Not sure where to go.不知道去哪里。 Originally thought the problem was due to javascript rendering but this is not working.最初认为问题是由于 javascript 渲染造成的,但这不起作用。

I don't think it's possible to scrape that website with Requests.我认为用 Requests 来抓取那个网站是不可能的。 I would suggest using Selenium or Scrapy.我建议使用 Selenium 或 Scrapy。

The issue is that the initial GET doesn't get the data (which I assume is the job listings), and the js that does do that, uses a POST with a authorization token in the header.问题是初始 GET 没有获取数据(我假设是工作列表),而执行此操作的 js 使用 POST 并在标头中带有授权令牌。 You need to get this token and then make the POST to get the data.您需要获取此令牌,然后进行 POST 以获取数据。

This token appears to be dynamic so we're going to get a little wonky getting it, but doable.这个令牌似乎是动态的,所以我们得到它会有点不稳定,但可行。

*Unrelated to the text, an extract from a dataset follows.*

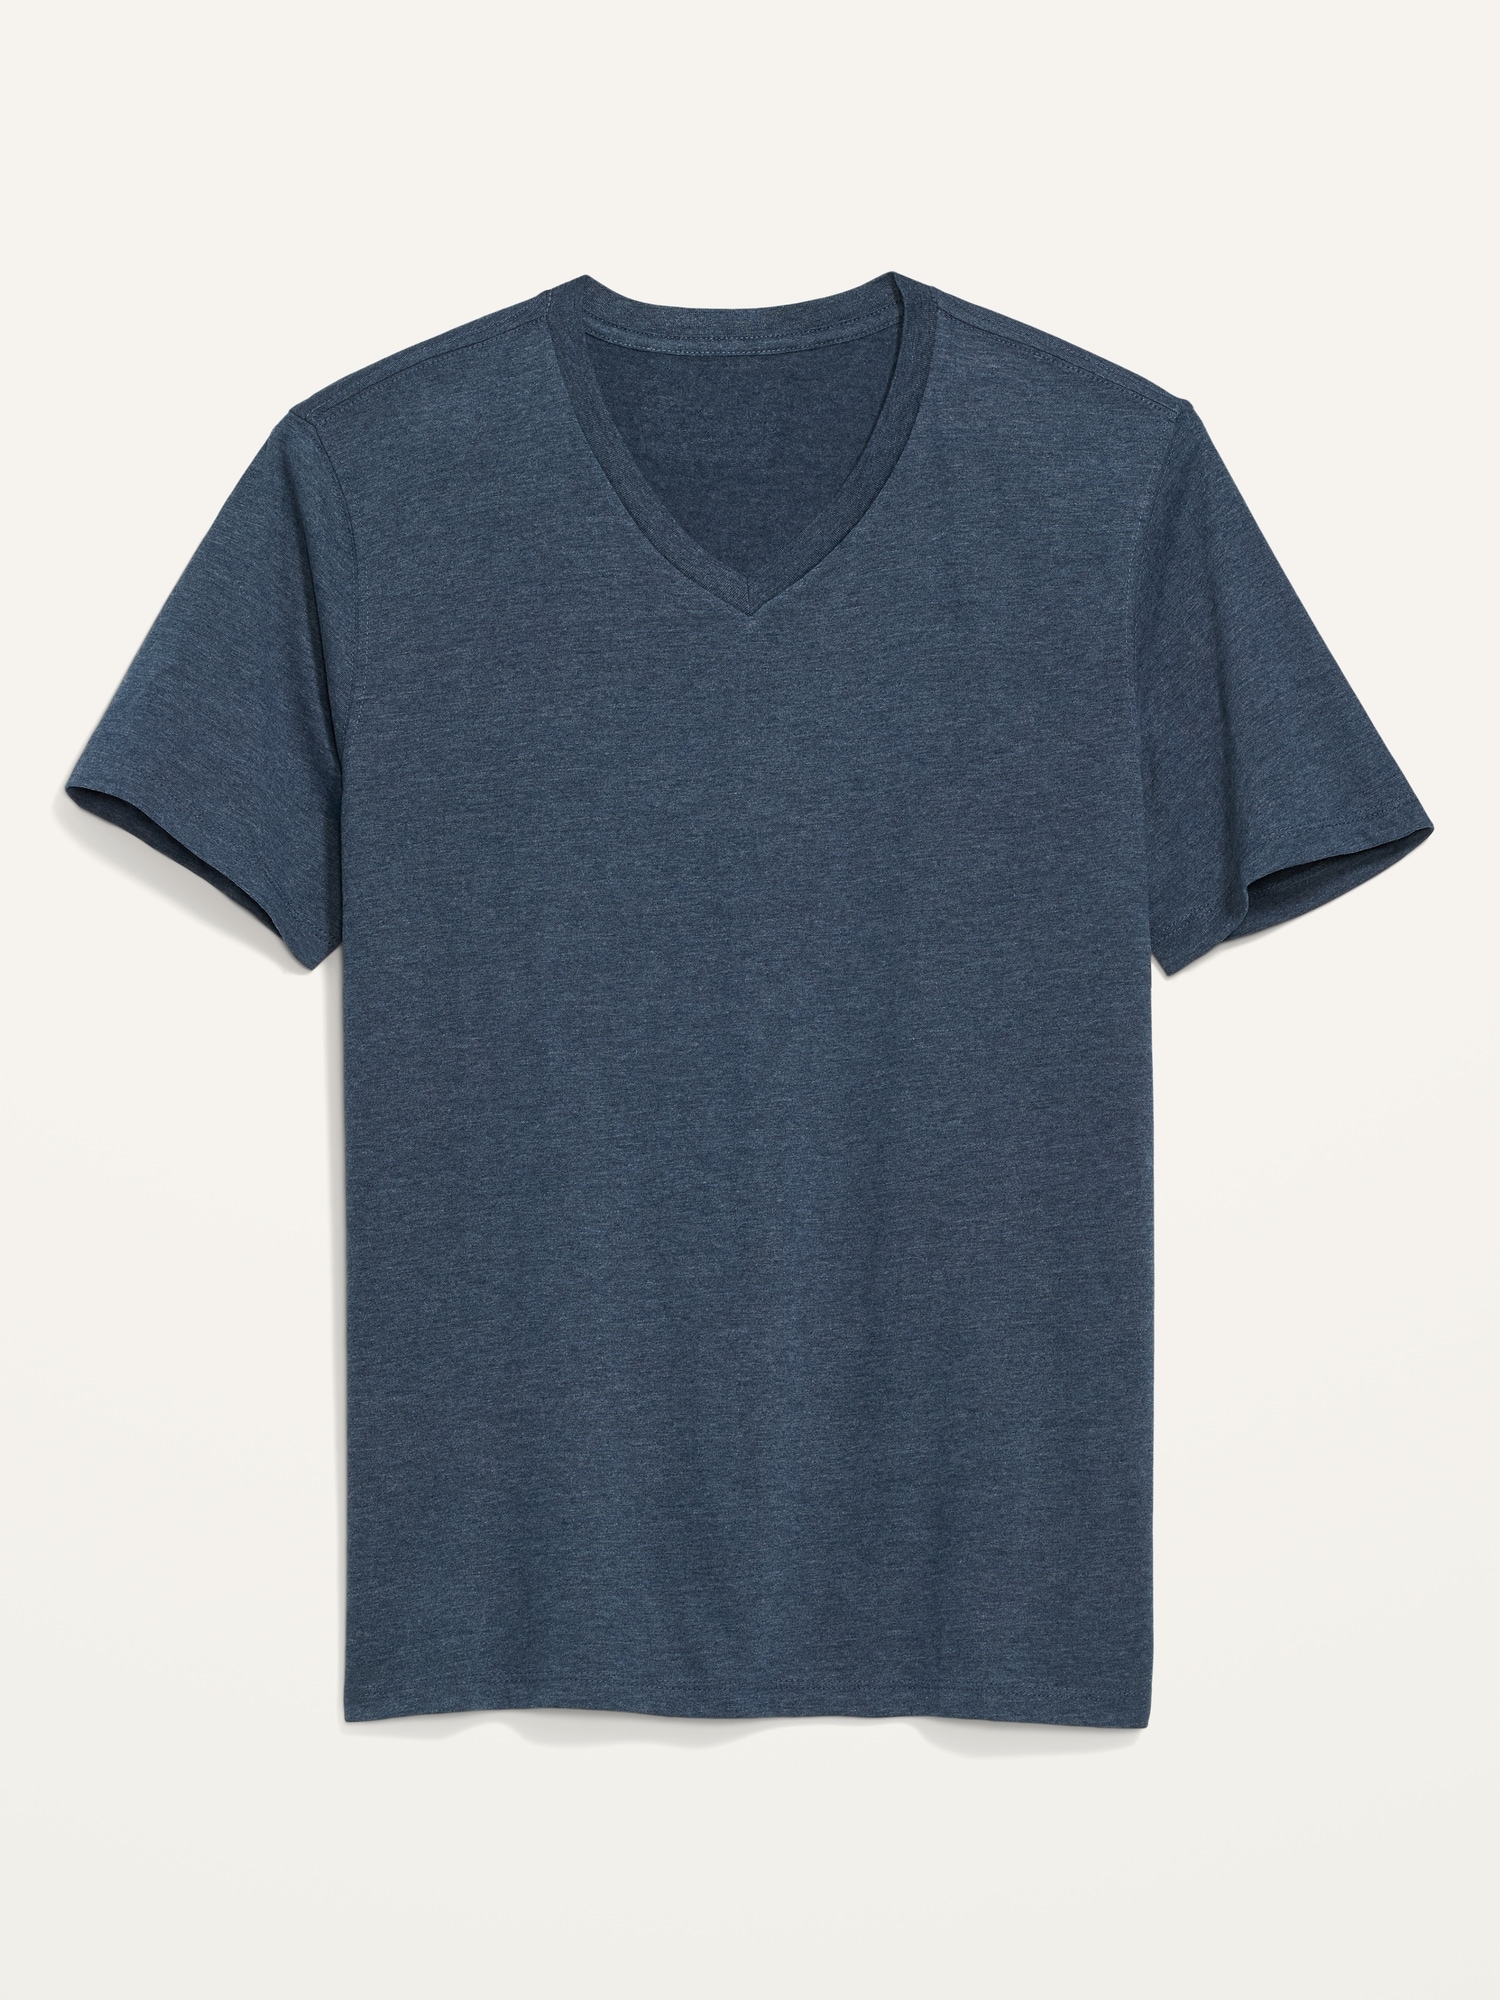 Old Navy Soft-Washed V-Neck T-Shirt for Men blue. 1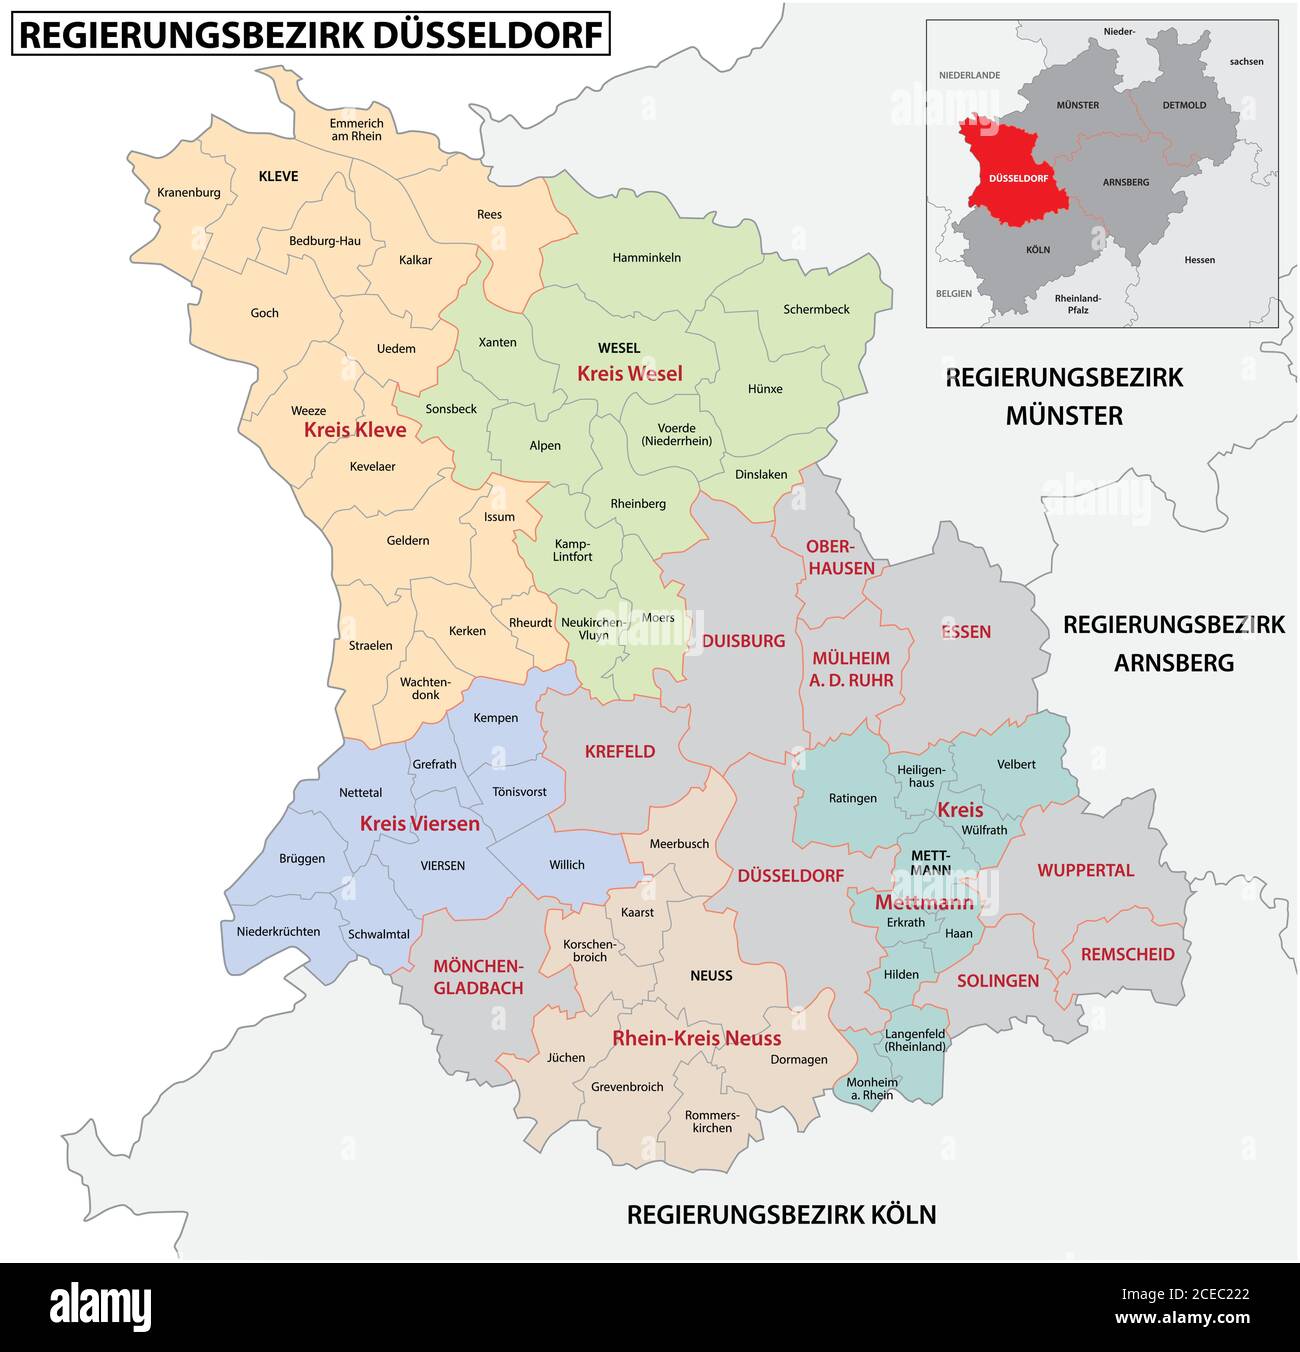 Mappa amministrativa vettoriale della regione di Dusseldorf in lingua tedesca, Renania settentrionale-Vestfalia, Germany.jpg Illustrazione Vettoriale

url0=r'https://germanamerican.csod.com/ux/ats/careersite/5/home?c=germanamerican'
url=r'https://germanamerican.csod.com/services/x/career-site/v1/search'

s=HTMLSession()
r=s.get(url0)
print(r.status_code)
r.html.render()

soup=bs(r.text,'html.parser')

scripts=soup.find_all('script')

for script in scripts:
    if 'csod.context=' in script.text: x=script

j=json.loads(x.text.replace('csod.context=','').replace(';',''))


payload={
    'careerSiteId': 5,
    'cities': [],
    'countryCodes': [],
    'cultureId': 1,
    'cultureName': "en-US",
    'customFieldCheckboxKeys': [],
    'customFieldDropdowns': [],
    'customFieldRadios': [],
    'pageNumber': 1,
    'pageSize': 25,
    'placeID': "",
    'postingsWithinDays': None,
    'radius': None,
    'searchText': "",
    'states': []
}

headers={
    'accept': 'application/json; q=1.0, text/*; q=0.8, */*; q=0.1',
    'accept-encoding': 'gzip, deflate, br',
    'accept-language': 'en-US,en;q=0.9',
    'authorization': 'Bearer '+j['token'],
    'cache-control': 'no-cache',
    'content-length': '272',
    'content-type': 'application/json',
    'csod-accept-language': 'en-US',
    'origin': 'https://germanamerican.csod.com',
    'referer': 'https://germanamerican.csod.com/ux/ats/careersite/5/home?c=germanamerican',
    'sec-fetch-mode': 'cors',
    'sec-fetch-site': 'same-origin',
    'user-agent': 'Mozilla/5.0 (Windows NT 10.0; Win64; x64) AppleWebKit/537.36 (KHTML, like Gecko) Chrome/78.0.3904.108 Safari/537.36',
    'x-requested-with': 'XMLHttpRequest'
}

r=s.post(url,headers=headers,json=payload)
print(r.status_code)
print(r.json())

the r.json() thats printed out is a nice json format version of the table of job listings.打印出来的r.json()是一个很好的 json 格式版本的工作列表。

Welcome to SO!欢迎来到 SO!

Unfortunately, you won't be able to scrape that page with requests (nor requests_html or similar libraries) because you need a tool to handle dynamic pages - ie, javascript-based.不幸的是,您将无法使用requests (也不是requests_html或类似库)抓取该页面,因为您需要一个工具来处理动态页面 - 即基于 javascript 的。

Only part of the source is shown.